Citing the lack of new evidence, a judge ordered Burtch released from jail in September pending trial, an unusual move in a murder case.

Burtch has long been the main suspect because his then-wife had started a romantic relationship with DeWoody while the two were considering divorce. DeWoody was killed shortly after spending the evening with Burtch’s wife. Several witnesses told investigators that Burtch had said previously that he was going to kill DeWoody, a laborer who grew up in Olin and moved to North Liberty.
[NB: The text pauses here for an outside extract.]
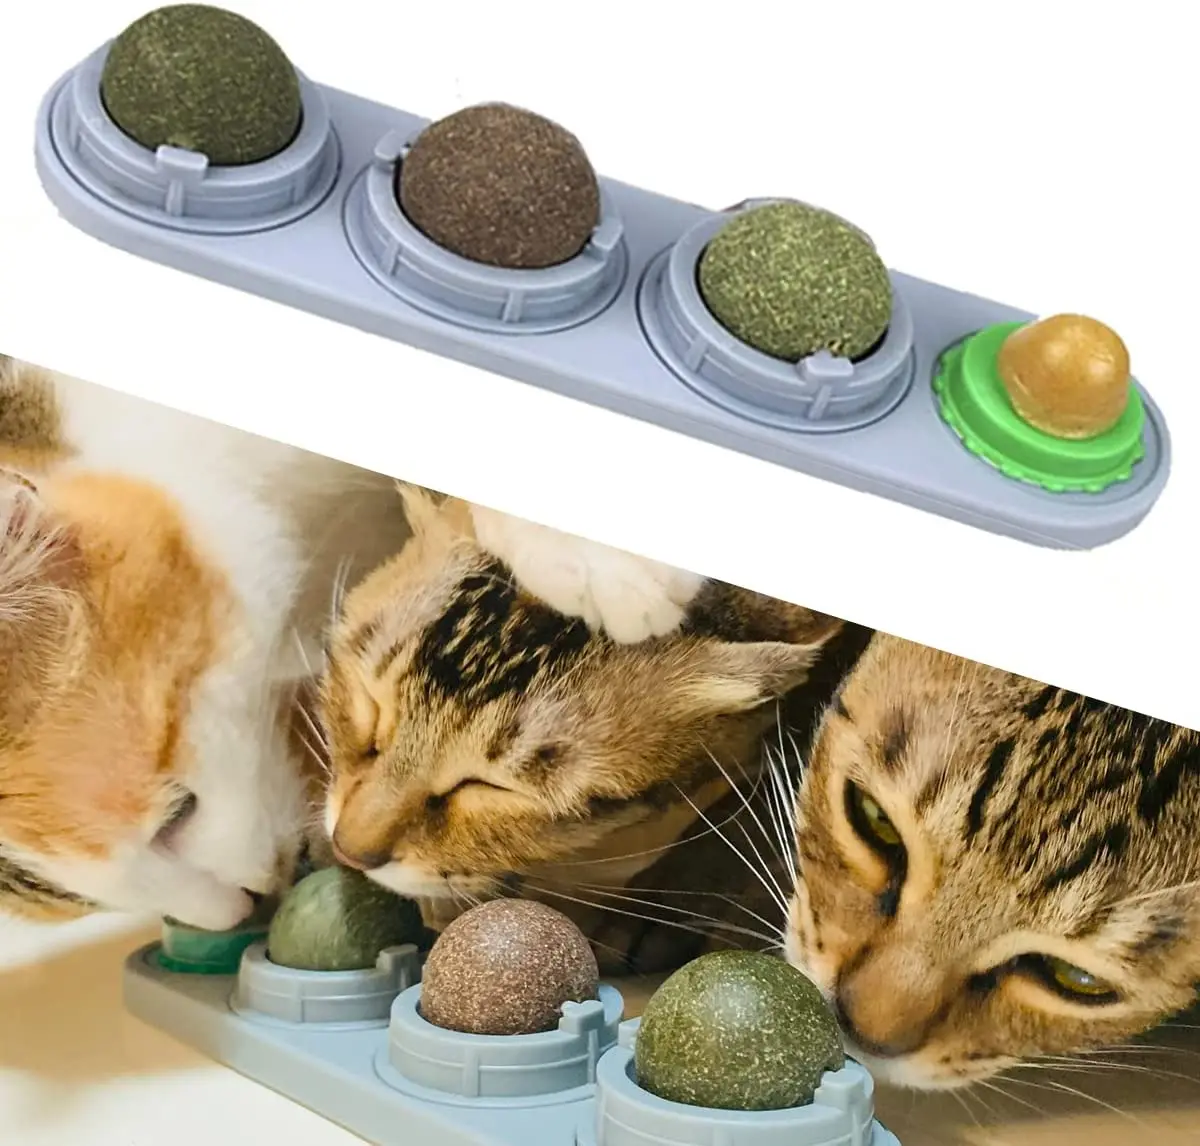 

Toys Cat Cat Lick Toys Catnip Edible Ball Kitty Healthy Cat Balls Cats Toy Silvervine Kitten Wall Safe Pet Catnip Chew Toys For

But Burtch told police in 1985 that he and DeWoody had been harassed by three men in the months before the killing and claimed they may have been responsible for DeWoody’s death. A witness said Burtch had given DeWoody a piece of paper with their three names written on it, which investigators found at DeWoody’s property.

Investigators said the men didn’t actually exist. When Burtch was interviewed by police again last year, he denied having been harassed by the men until the night of the killing and said he couldn’t identify them.

In the plea agreement, Burtch acknowledged that the second story was false and was given “in order to avoid prosecution.”

Defense attorney Clemens Erdahl, who has represented Burtch since 1985, praised prosecutors and police for helping come to a reasonable resolution in a difficult case.

Johnson County prosecutor Jude Pannell said that DeWoody’s relatives have been briefed on the agreement, and “are relieved to have some closure.”